You can use characters other than us-ascii
not only in
literal strings and characters, but in comments, symbol names,
literal regular expressions, and so on.
By default, Gauche assumes a Scheme program is written in utf-8. If you need to write a source other than utf-8, however, you can add the following “magic comment” near the beginning of the source code:
When Gauche finds a comment something like the following within
the first two lines of the program source, it assumes the rest of
the source code is written in <encoding-name>
, and does
the appropriate character encoding conversion to read the source code:
;; coding: <encoding-name>
More precisely, a comment in either first or second line that matches
a regular expression #/coding[:=]\s*([\w.-]+)/
is recognized,
and the first submatch is taken as an encoding name.

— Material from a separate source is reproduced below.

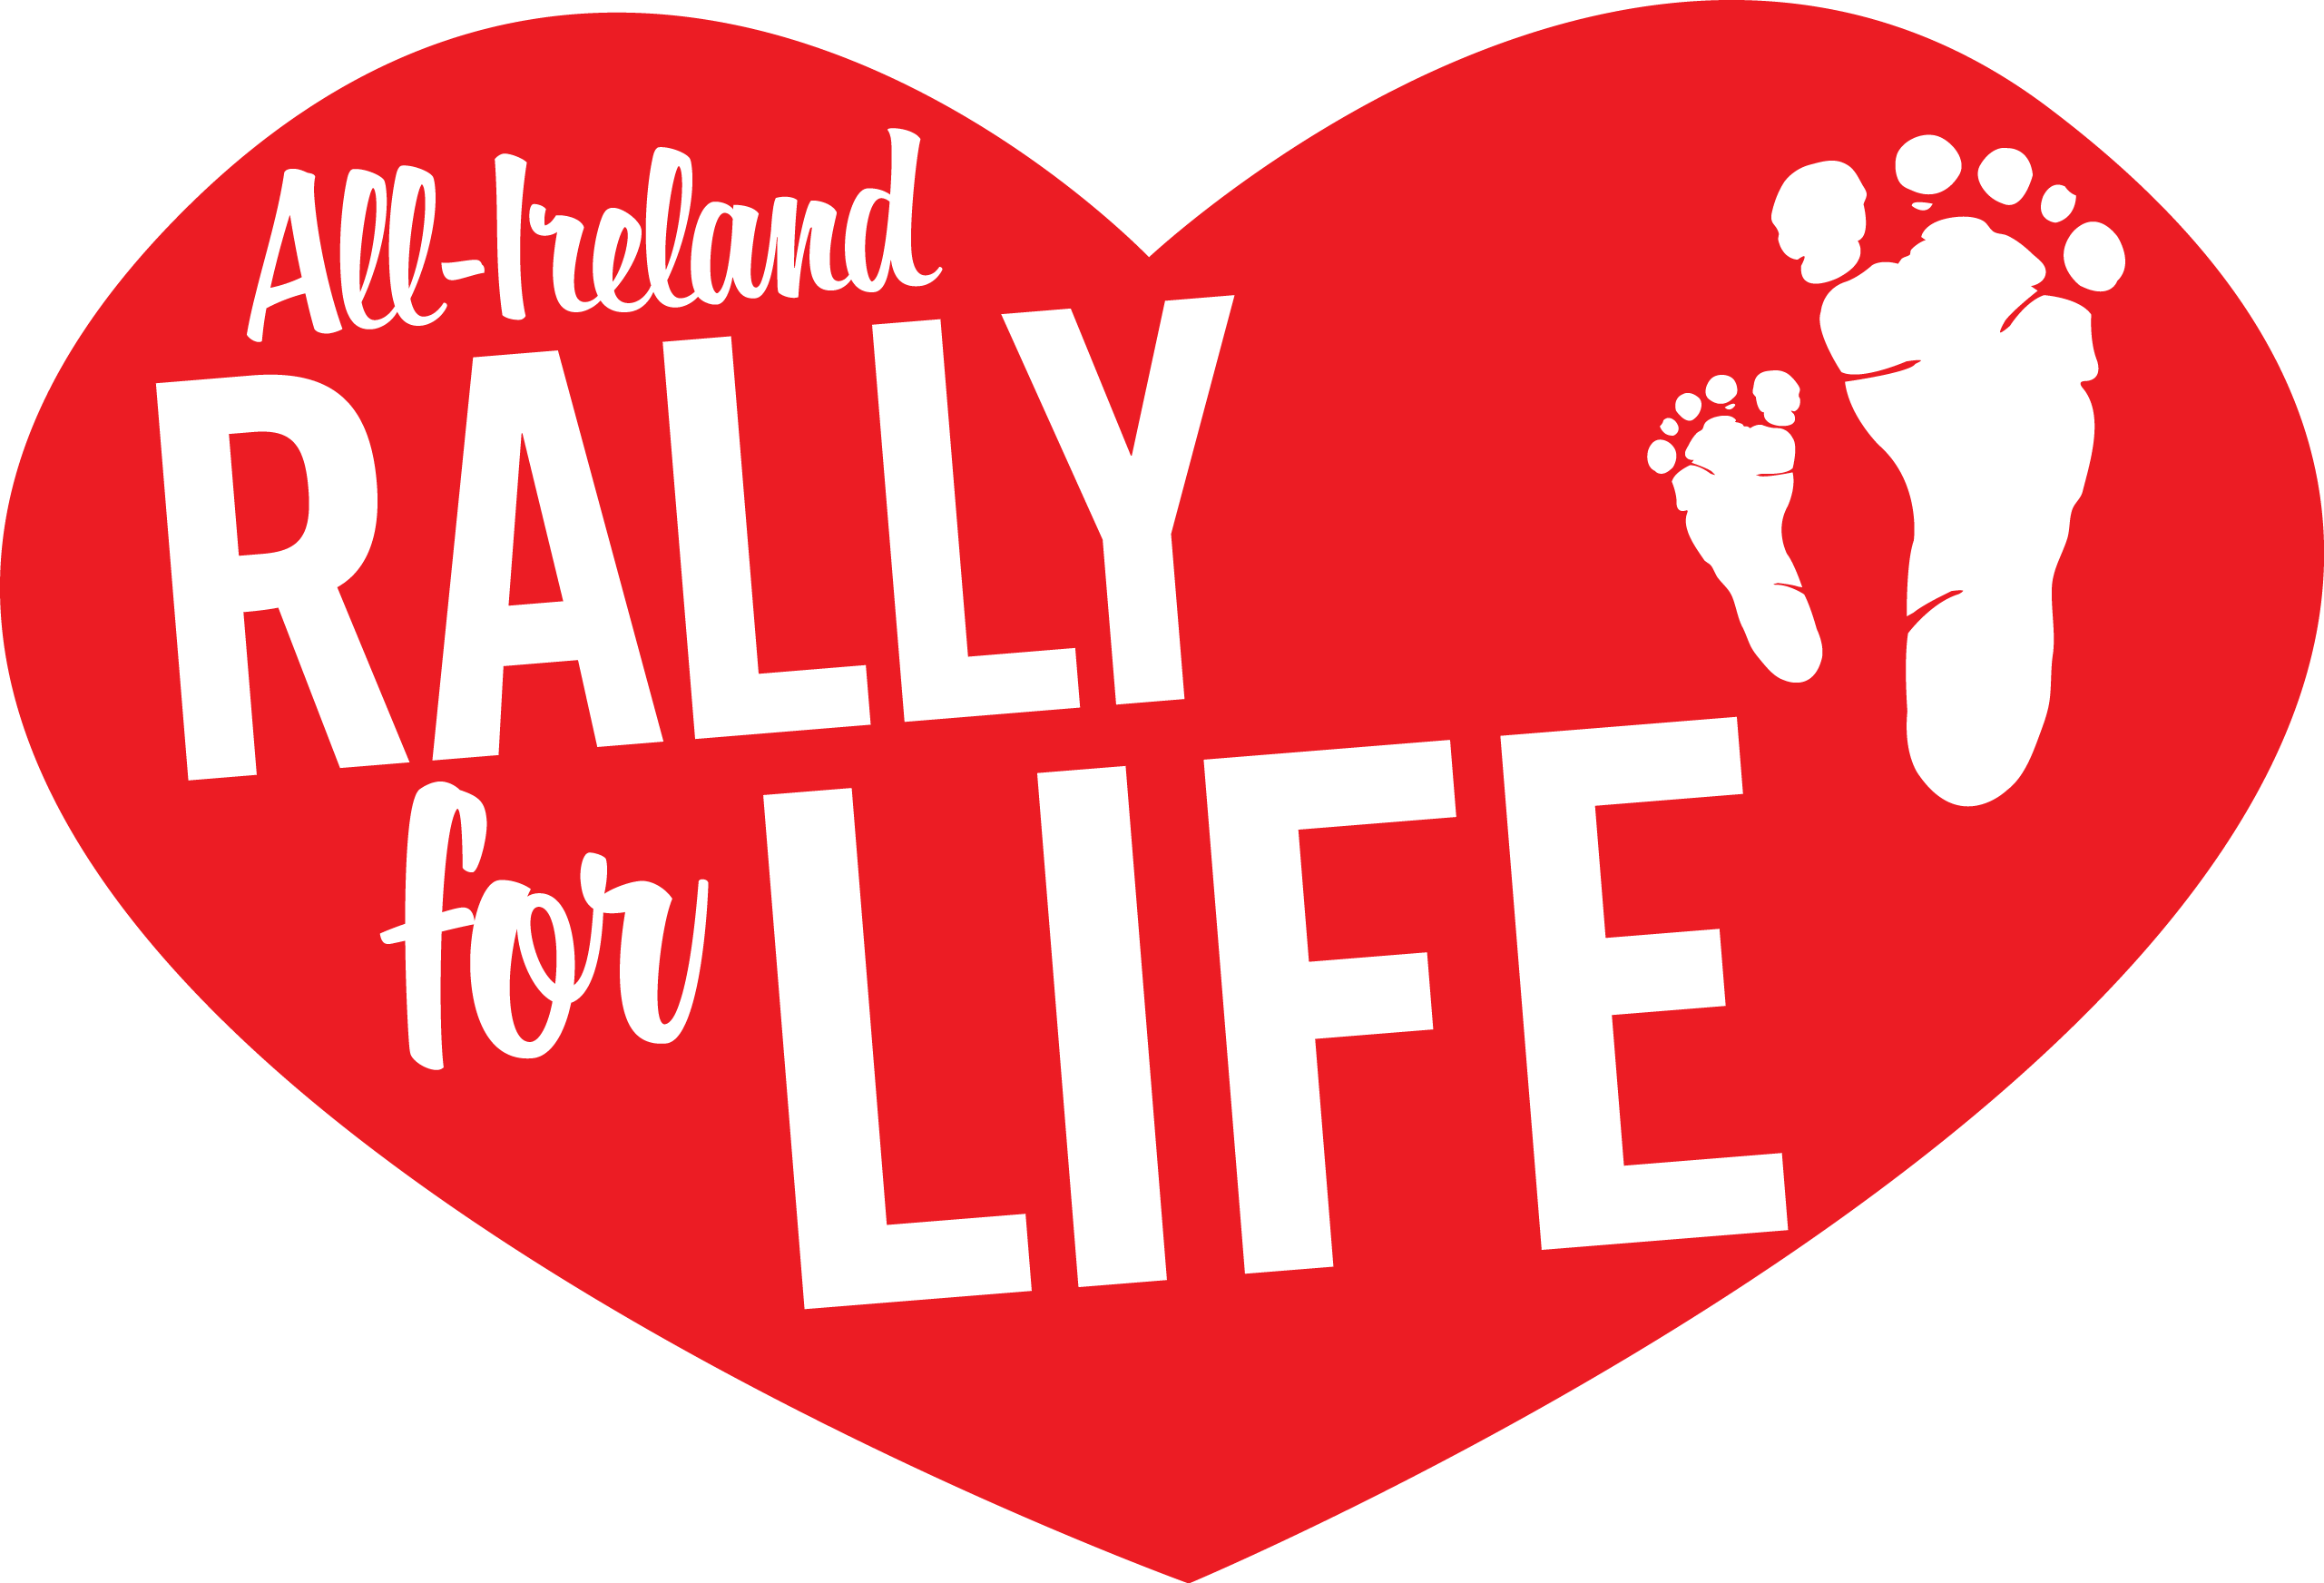 Rally_2013FInal_logo
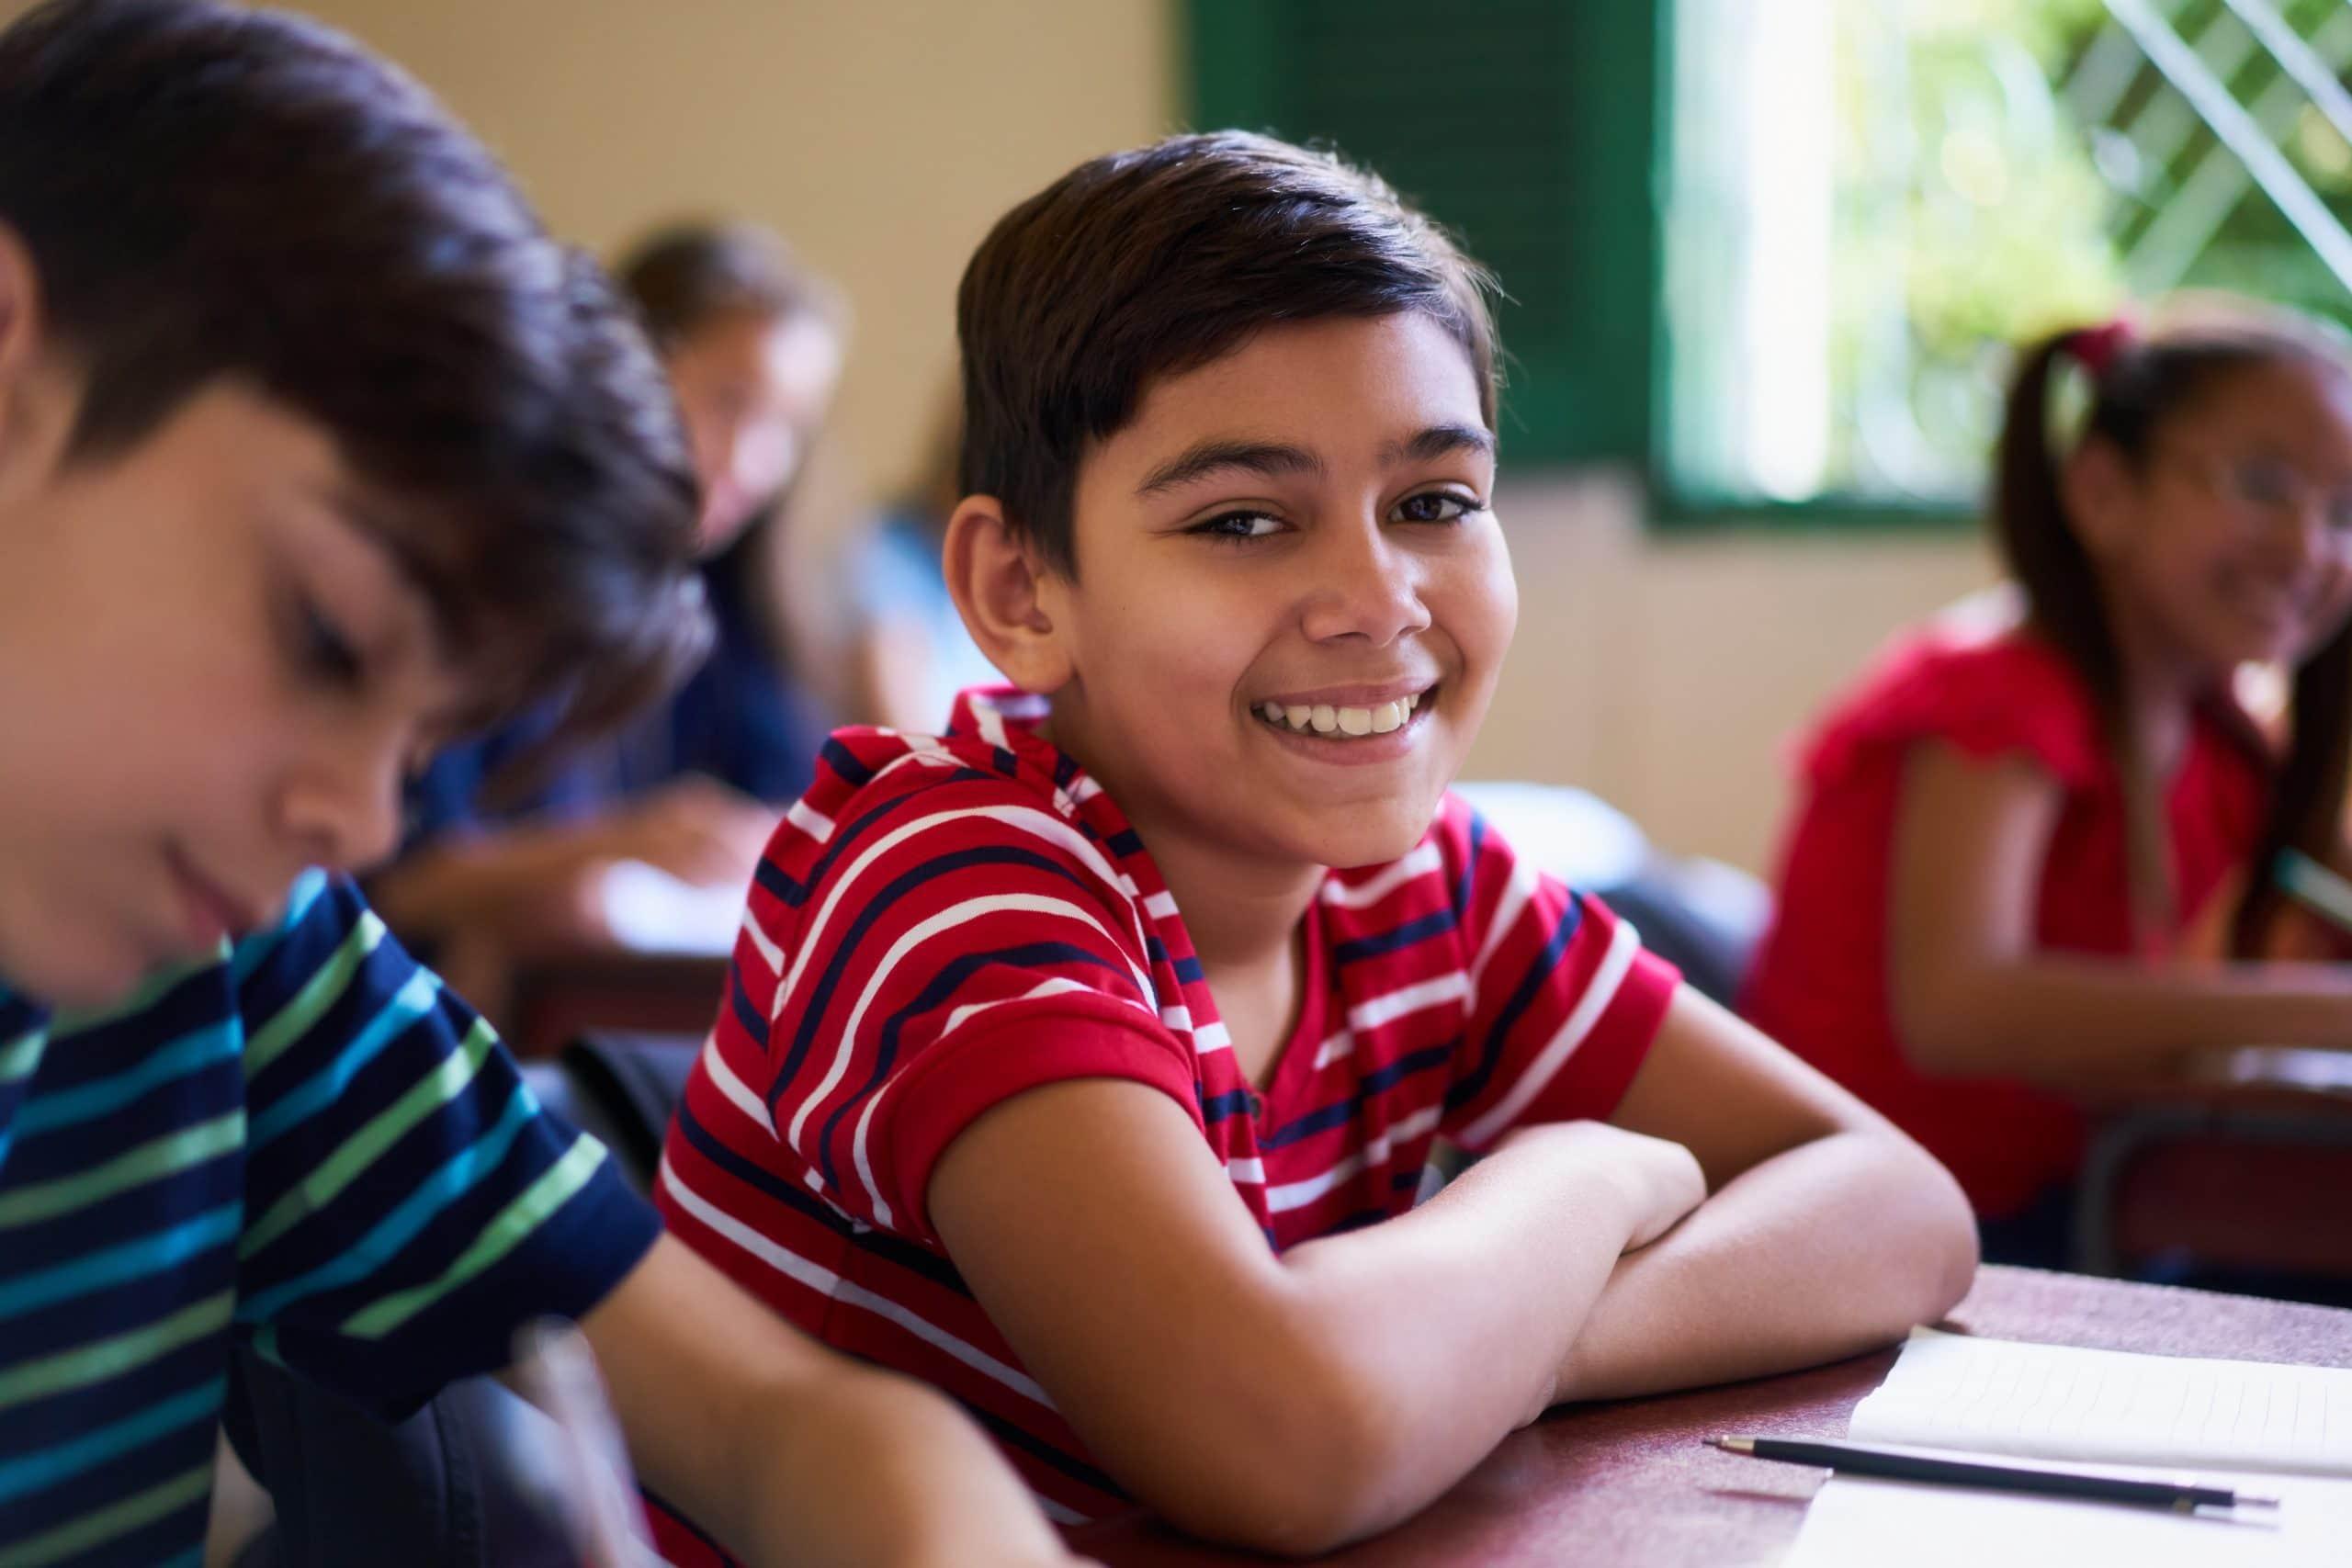 Kid at school smiling

If there are multiple matches, only the first one is effective.
The first two lines must not contain characters other than us-ascii
in order for this mechanism to work.
The following example tells Gauche that the script is written
in EUC-JP encoding. Note that the string "-*-
" around the coding
would be recognized by Emacs to select the buffer’s encoding
appropriately.
#!/usr/bin/gosh ;; -*- coding: euc-jp -*- ... script written in euc-jp ...
Internally, the handling of this magic comment is done by a special type of port. See Coding-aware ports for the details. See also Loading Scheme file for how to disable this feature.